When Katsu was informed that the imperial government's attack was imminent, he wrote a letter to Saigo, pointing out that the retainers of the Tokugawa were an inseparable part of the new Japanese nation. Instead of fighting with one another, he said, the new government and the old must cooperate in order to deal with the very real threat of colonization by foreign powers, whose legations in Japan anxiously watched the great revolution which had consumed the Japanese nation for the past 15 years. Saigo responded by offering a set of conditions, including the peaceful surrender of Edo Castle, which must be met if war was to be avoided, the House of Tokugawa allowed to survive, and Yoshinobu's life spared. On March 14, one day before the planned attack, Katsu met with Saigo and accepted his conditions. He negotiated the surrender of Edo castle to Saigō Takamori and the Satcho Alliance on May 3, 1868, and became the historical figure who not only saved the lives and property of Edo's one million inhabitants, but the future of the entire Japanese nation. Katsu followed the last Shogun, Tokugawa Yoshinobu, into exile in Shizuoka.

Later Years

Katsu returned briefly to government service as Vice Minister of the Imperial Japanese Navy in 1872, and first Minister of the Navy from 1873 until 1878. He was the most prominent of the former Tokugawa retainers who found employment within the new Meiji government. Although his influence within the Navy was minimal, as the Navy was largely dominated by a core of Satsuma officers, Katsu served in a senior advisory capacity on national policy. During the next two decades, Katsu served on the Privy Council and wrote extensively on naval issues until his death in 1899.

In 1887, he was elevated to the title of hakushaku (count) in the new kazoku peerage system.

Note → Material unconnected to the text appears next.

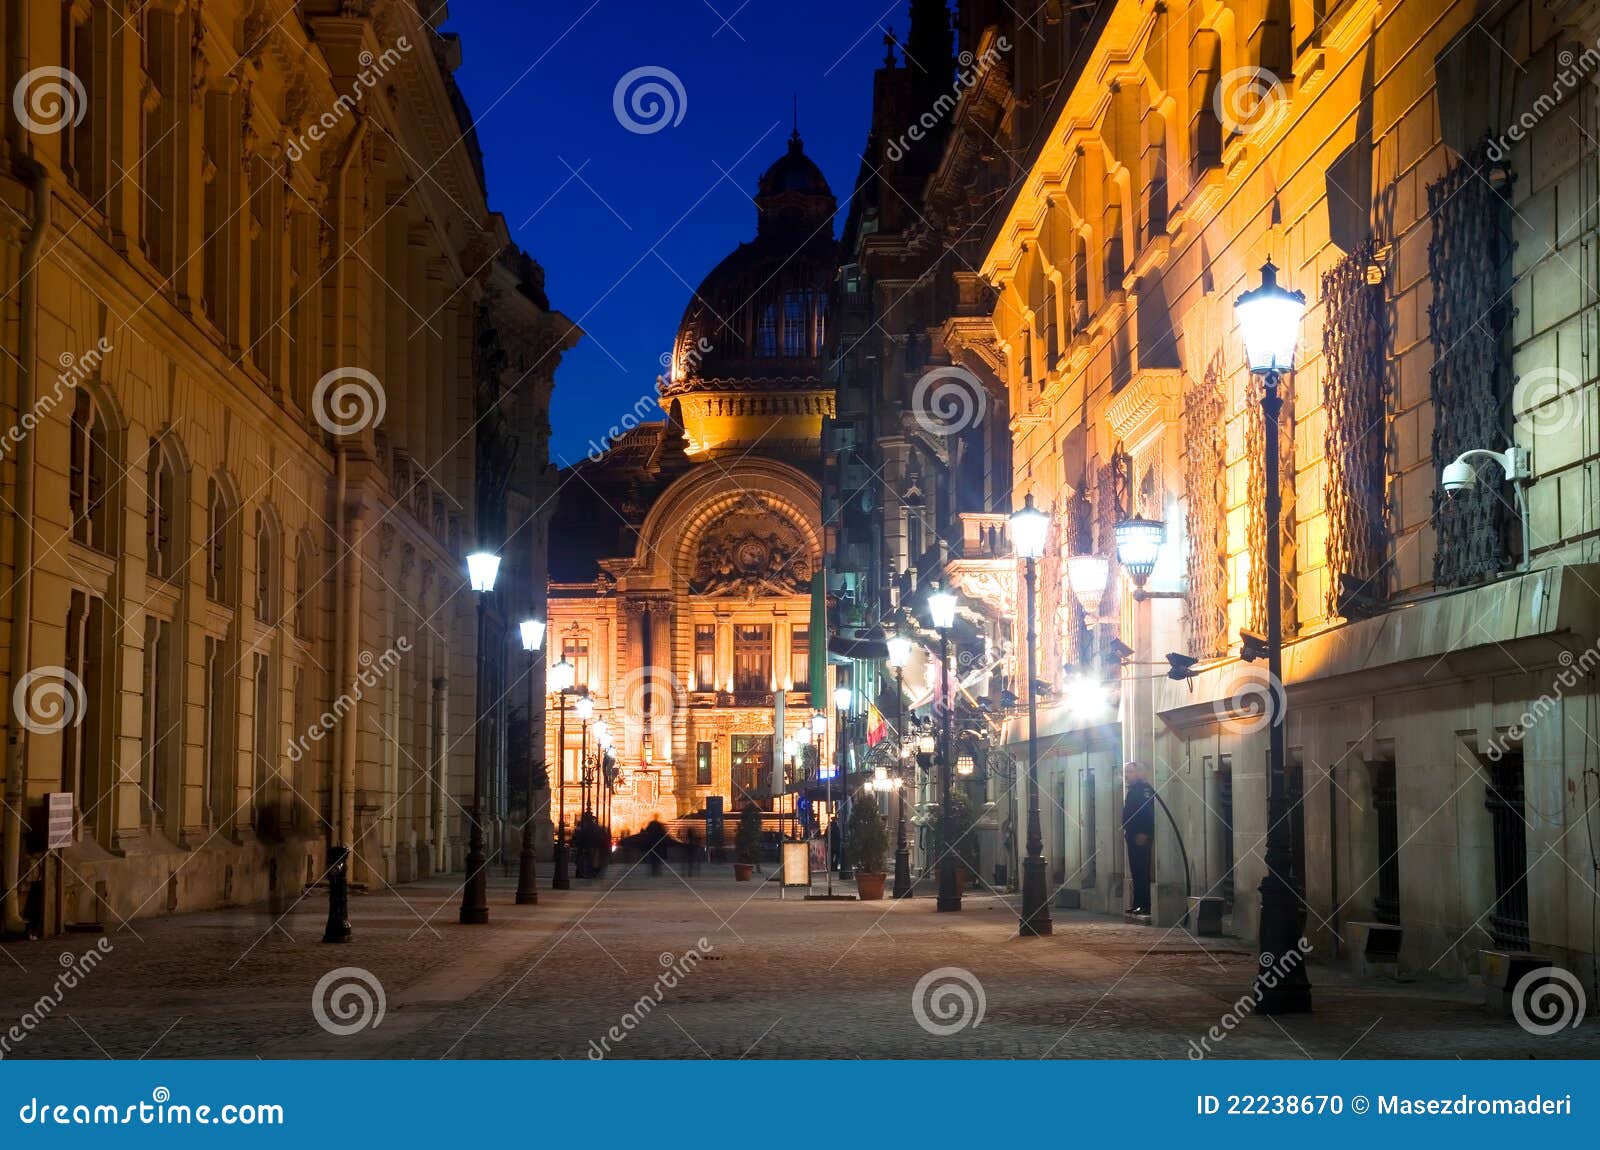 bucharest - historic center by night

Katsu recorded his memoirs in the book Hikawa Seiwa.

Legacy

Sakamoto Ryoma, a key figure in the overthrow of the Tokugawa Shogunate, was a protégé and one-time assistant of Kaishu, whom he considered "the greatest man in Japan." Kaishu shared his extensive knowledge of the Western world, including American democracy, the Bill of Rights, and the workings of the joint stock corporation, with Ryoma. Like Ryoma, Kaishu was a skillful swordsman who never drew his blade on an adversary, despite numerous attempts on his life. “I've been shot at by an enemy about twenty times in all,” Kaishu once said. “I have one scar on my leg, one on my head, and two on my side.” Kaishu’s fearlessness in the face of death sprang from his reverence for life. “I despise killing, and have never killed a man. I used to keep [my sword] tied so tightly to the scabbard, that I couldn¹t draw the blade even if I wanted to.”

The American educator E. Warren Clark, an admirer of Kaishu who knew him personally, referred to Kaishu as "the Bismark of Japan," for his role in unifying the Japanese nation during the dangerous aftermath of the fall of the Tokugawa shogunate.